One of the highest honours to which a member of the scientific community can aspire is to become a Fellow of the Royal Society (FRS). This is the oldest and most respected scientific society in the world, its early members' names living on amidst indexes of physics textbooks - Hooke's Law, Boyle's Law, Huygens's construction, Newton's Laws, Leibniz's theorem, Brownian motion; and this is ignoring lesser scientists such as Christopher Wren, John Evelyn, John Wilkins, Elias Ashmole, John Flamsteed and Edmund Halley.

But the men who founded the Royal Society were not just the first scientists; they were also the last sorcerers.
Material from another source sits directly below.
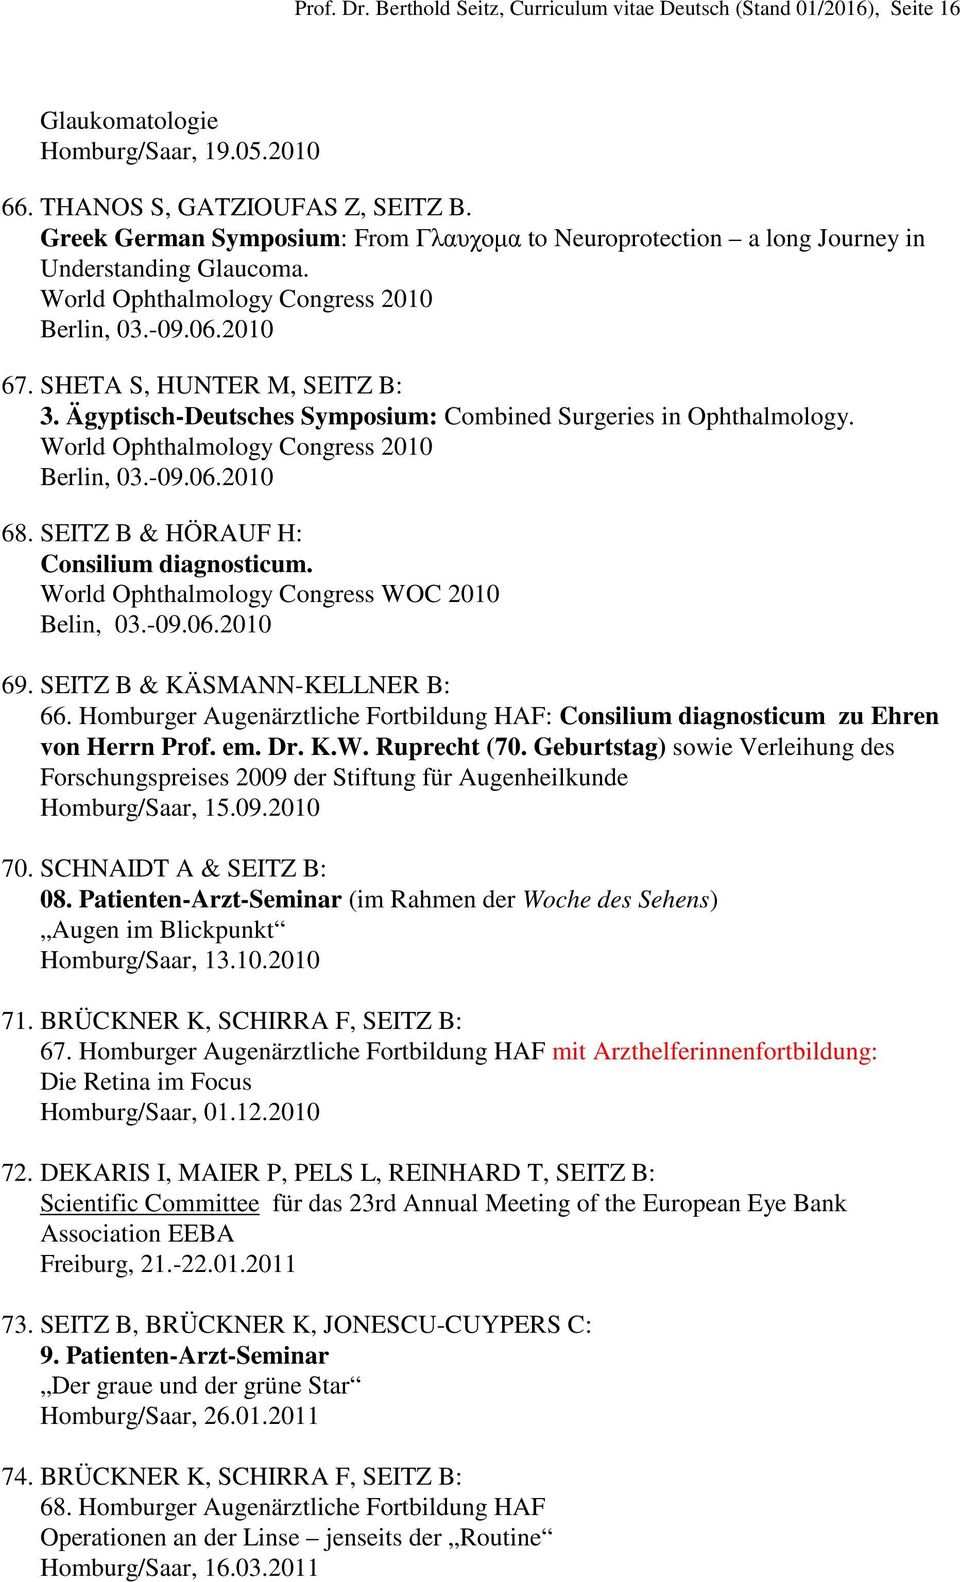 Ägyptisch-Deutsches Symposium: Combined Surgeries in Ophthalmology. World Ophthalmology Congress 2010 Berlin, 03.-09.06.2010 68. SEITZ B & HÖRAUF H: Consilium diagnosticum.

Ashmole actually belonged to a society of Rosicrucians and was a practising astrologer; Sir Robert Moray was an enthusiastic Freemason, Newton studied and wrote about the Rosicrucian concepts of alchemy; while Hooke carried out magical experiments involving spiders and unicorn's horns.

So what inspired an unlikely group of refugees from both sides of the Civil War to meet; form the world's oldest and most respected scientific society; and then go on to develop the tools of modern science? This question started a quest to understand how the Royal Society came to be formed. Where this mixture of clergymen and politicians got the idea of forbidding the discussion of religion and politics at their meetings? In an age dominated by politics and religion it was a weird thing to do.

There had to be more to this story than the superficial record revealed and so it proved to be. This book tells the story of the quest to discover the political, economic and religious background to the formation of the Royal Society and, in the process, uncovers the hidden motives of one man, Sir Robert Moray.